Scan new objects added to any s3 bucket using AWS Lambda. more details in this post

Features

  • Easy to install
  • Send events from an unlimited number of S3 buckets
  • Prevent reading of infected files using S3 bucket policies
  • Accesses the end-user’s separate installation of open source antivirus engine ClamAV

How It Works

architecture-diagram

  • Each time a new object is added to a bucket, S3 invokes the Lambda function to scan the object
  • The function package will download (if needed) current antivirus definitions from a S3 bucket. Transfer speeds between a S3 bucket and Lambda are typically faster and more reliable than another source
  • The object is scanned for viruses and malware. Archive files are extracted and the files inside scanned also
  • The objects tags are updated to reflect the result of the scan, CLEAN or INFECTED, along with the date and time of the scan.
  • Object metadata is updated to reflect the result of the scan (optional)
  • Metrics are sent to DataDog (optional)
  • Scan results are published to a SNS topic (optional) (Optionally choose to only publish INFECTED results)
  • Files found to be INFECTED are automatically deleted (optional)

Installation

Build from Source

To build the archive to upload to AWS Lambda, run make. The build process is completed using the amazonlinux Docker image. The resulting archive will be built at build/lambda.zip. This file will be uploaded to AWS for both Lambda functions below.

AV Definition Bucket

Create an s3 bucket to store current antivirus definitions. This provides the fastest download speeds for the scanner. This bucket can be kept as private.

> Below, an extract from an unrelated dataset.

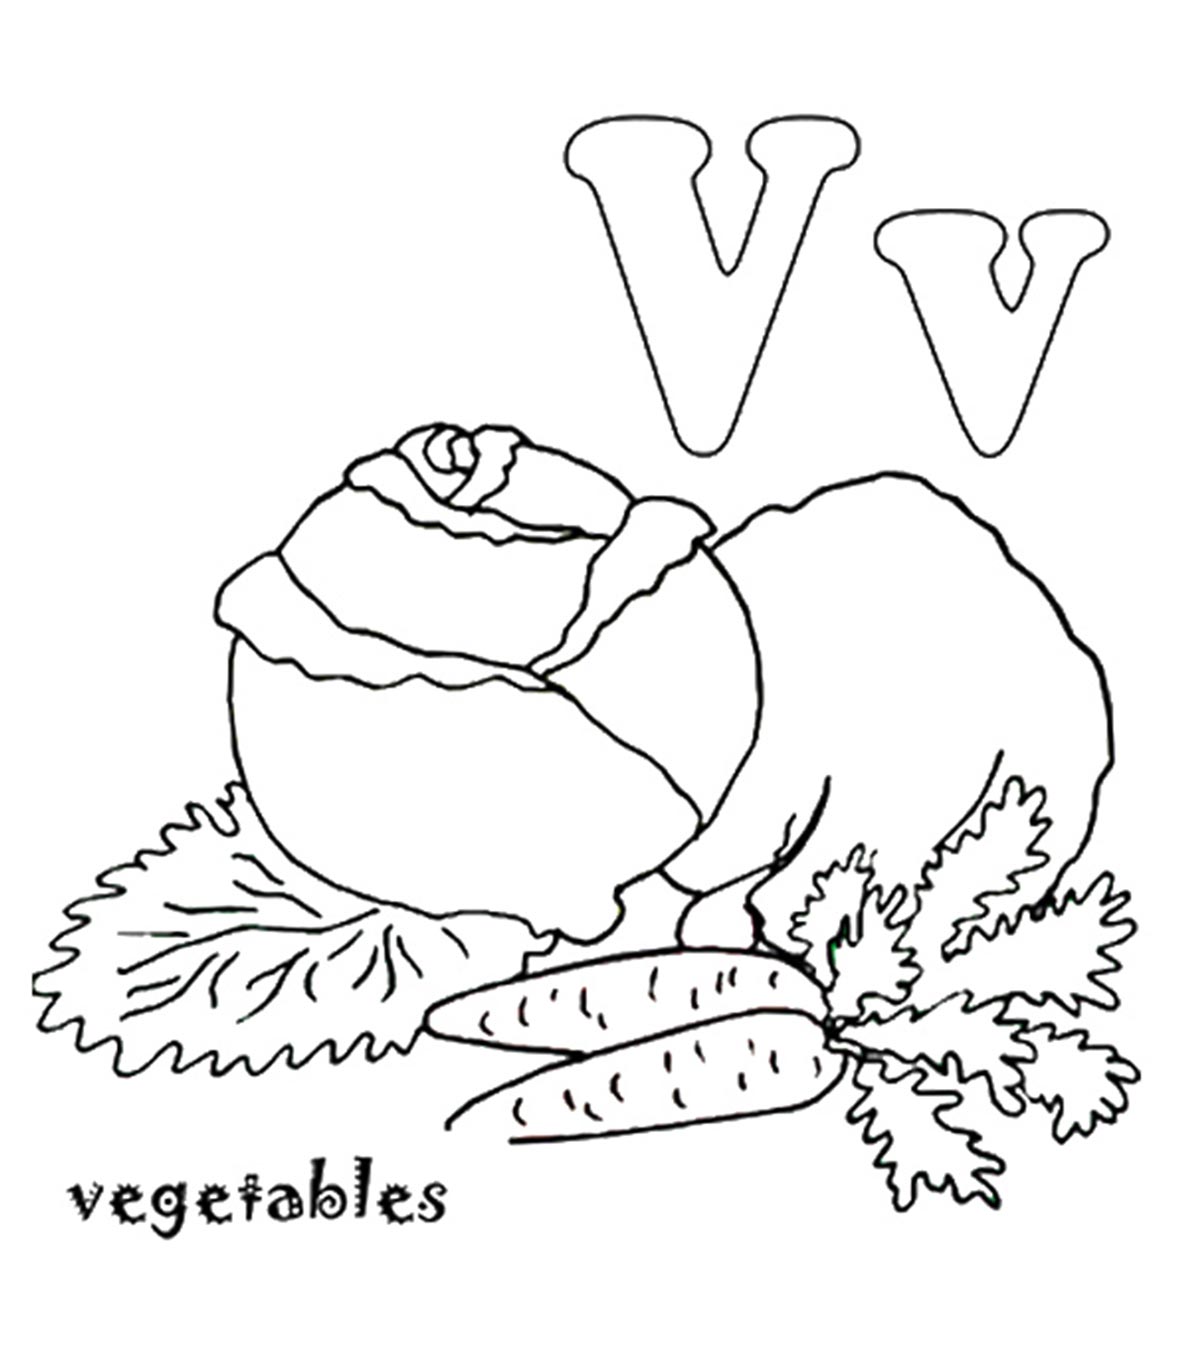 Top 10 Letter ‘V’ Coloring Pages Your Toddler Will Love To Learn & Color_image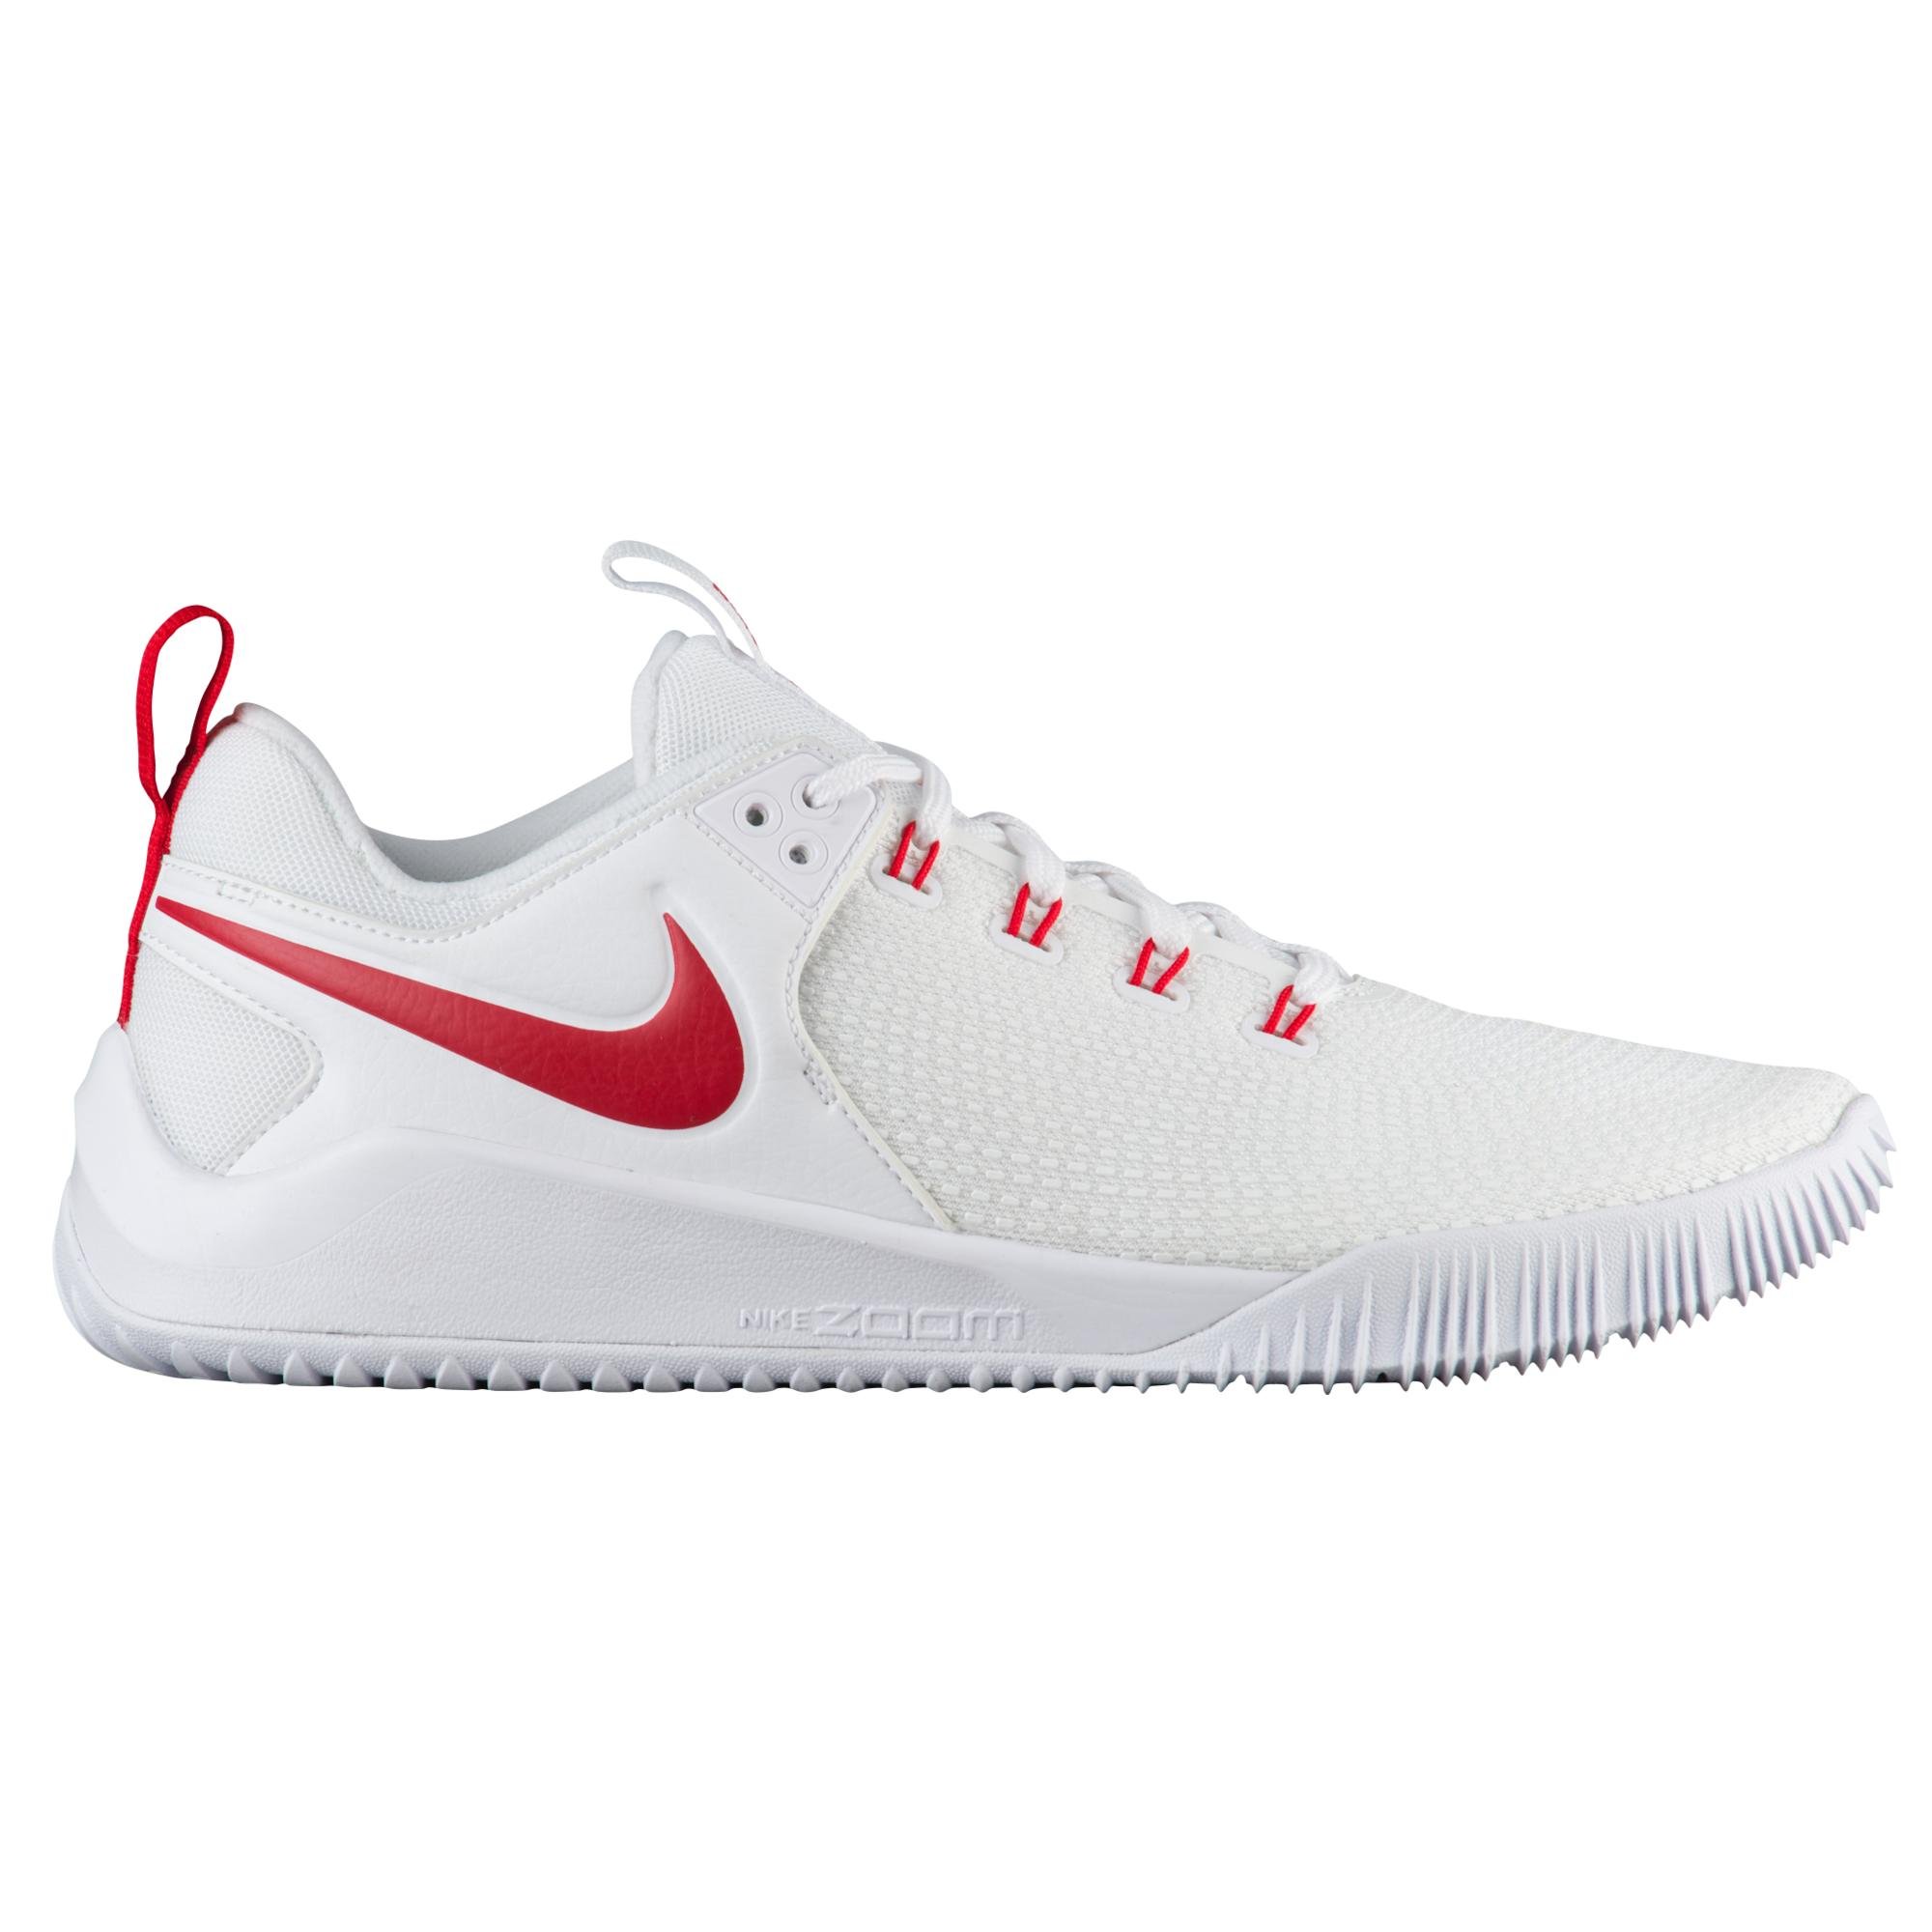 Nike Rubber Zoom Hyperace 2 Volleyball Shoes in White/University Red ...

To allow public access, useful for other accounts, add the following policy to the bucket.

{
    "Version": "2012-10-17",
    "Statement": [
        {
            "Sid": "AllowPublic",
            "Effect": "Allow",
            "Principal": "*",
            "Action": [
                "s3:GetObject",
                "s3:GetObjectTagging"
            ],
            "Resource": "arn:aws:s3:::<bucket-name>/*"
        }
    ]
}

Definition Update Lambda

This function accesses the user’s ClamAV instance to download updated definitions using freshclam. It is recommended to run this every 3 hours to stay protected from the latest threats.

  1. Create the archive using the method in the Build from Source section.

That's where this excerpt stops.